Subsequent cases in the courts of appeals have held the exhaustion requirement applicable to a civil rights claim in which the validity of the state court conviction was called into question, notwithstanding the absence of any request for release. See, e. g., Watson v. Briscoe, 554 F.2d 650 (5th Cir.1977); Meadows v. Evans, 529 F.2d 385 (5th Cir. 1976), aff’d en banc, 550 F.2d 345 (5th Cir. 1977), cert. denied, 434 U.S. 969, 98 S.Ct. 517, 54 L.Ed.2d 457 (1977); Fulford v. Klein, 529 F.2d 377 (5th Cir. 1976), aff’d en banc, 550 F.2d 342 (5th Cir. 1977); Mastracchio v. Ricci, 498 F.2d 1257 (1st Cir. 1974), cert. denied, 420 U.S. 909, 95 S.Ct. 828, 42 L.Ed.2d 838 (1975); Guerro v. Mulhearn, 498 F.2d 1249 (1st Cir. 1974). Indeed, to hold otherwise would be to substantially undermine the exhaustion of remedies requirement, for anyone who could state a viable civil rights claim could subvert it by postponing a claim for release until his substantive rights had been adjudicated in a federal forum. Avoidance of that kind of subversion was very much in the minds of the justices when Preiser was decided, as Mr. Justice Brennan explicitly stated. Preiser, supra, 411 U.S. at 503-04, 93 S.Ct. 1843—44 (Brennan, J., dissenting).
Holding the exhaustion of state remedies requirement applicable opens the possibility that a later civil rights claim in a federal court will be foreclosed, upon principles of collateral estoppel, by an adverse state court judgment. Principles of collateral estoppel, however, have only limited applicability to the adjudication of habeas claims under § 2254. If, after exhaustion of state remedies, there should be a final determination that the plaintiff was entitled to federal habeas relief, there is no reason to believe that the federal judgment would not also relieve him of the collateral estoppel effect of the state judgment with respect to an ancillary civil rights claim. When applicable, the doctrine precludes relitigation; however, if relitigation of the substantive issues is not precluded, the doctrine does not prevent a grant of any appropriate remedy.

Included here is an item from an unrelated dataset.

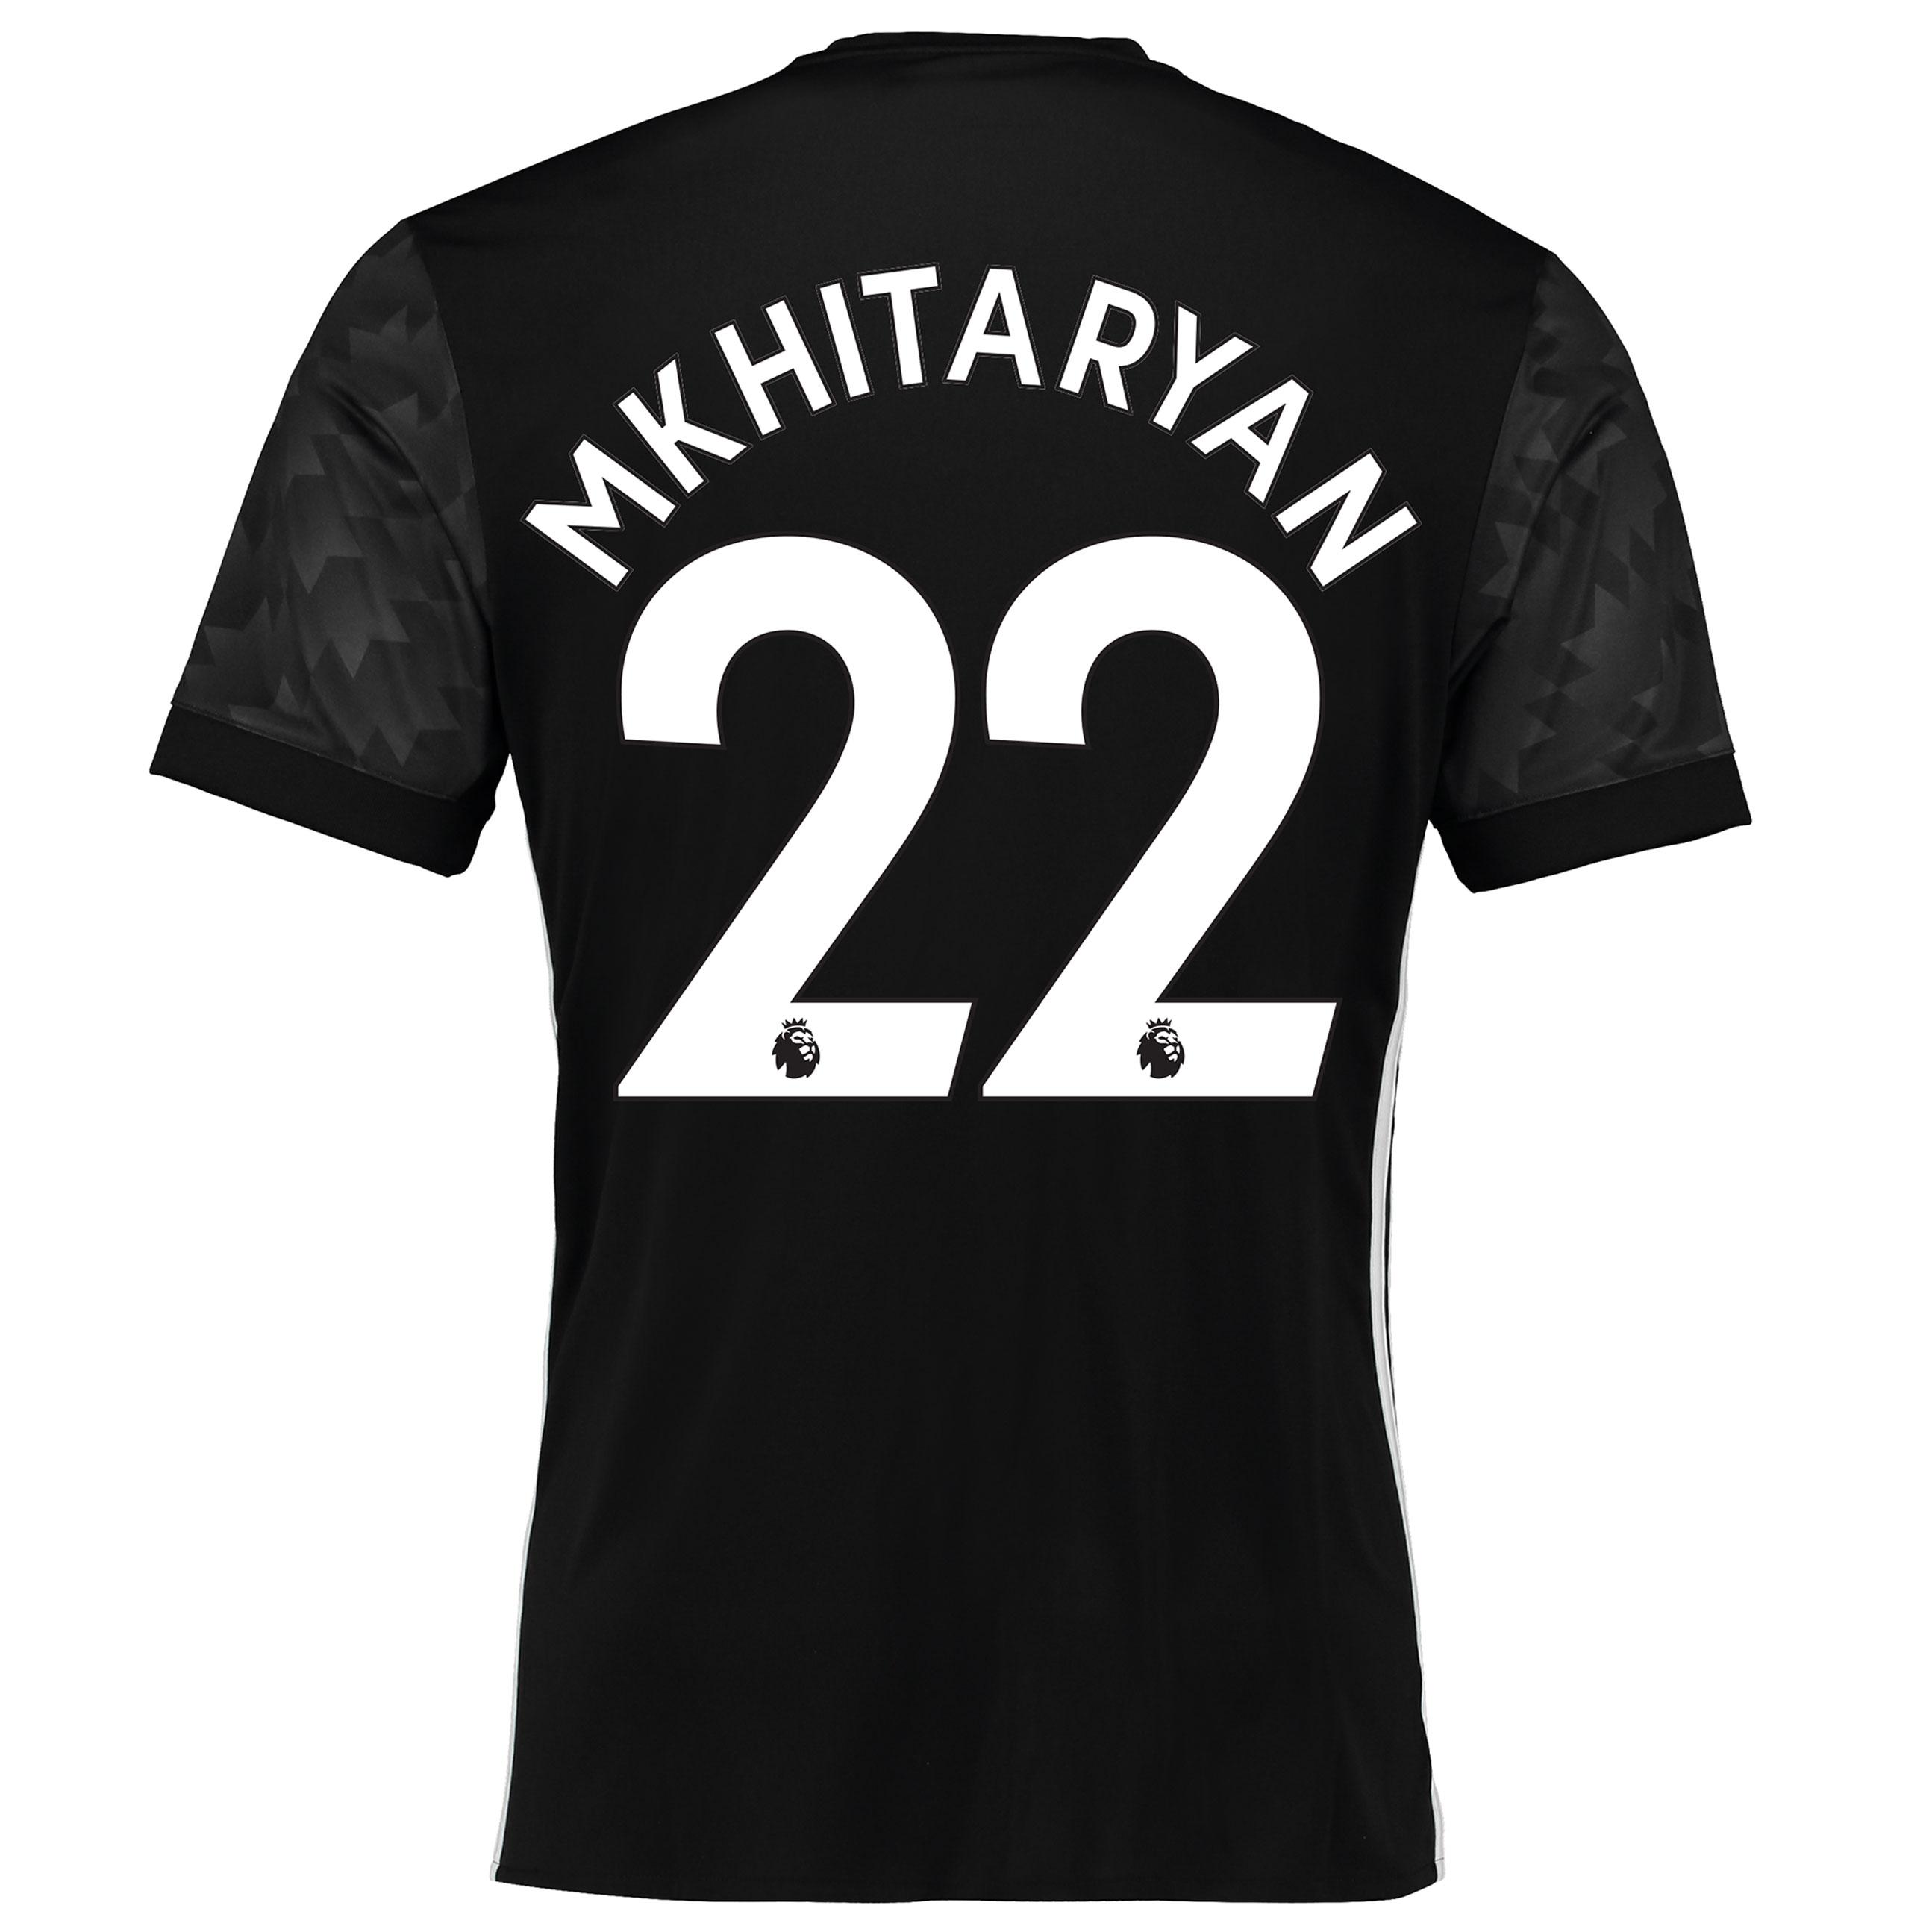 Manchester United Away Shirt 2017-18 with Mkhitaryan 22 printing

Finally, if there is concern about the running of any applicable statute of limitations, a federal court should permit the filing of a civil rights claim calling into question the validity of a state court conviction while holding it in abeyance pending the exhaustion of state court remedies.
III.
Since this complaint directly called into question the validity of the state court conviction, since habeas corpus relief would be available and appropriate, notwithstanding plaintiff’s failure to request it, if only he had exhausted available state remedies, and since the complaint has all the earmarks of a deliberate attempt to subvert the requirement of § 2254(b),* we conclude that it may not proceed without compliance with the exhaustion requirement.
AFFIRMED.

 The complaint was prepared by an apparently artful “jailhouse lawyer,” not by counsel appointed by this court to represent him. We should not be understood as suggesting that motive would be relevant in a particular case. It is of moment that, if the pleading controlled the result, the artful pleader could easily subvert the exhaustion of remedies requirement of § 2254(b).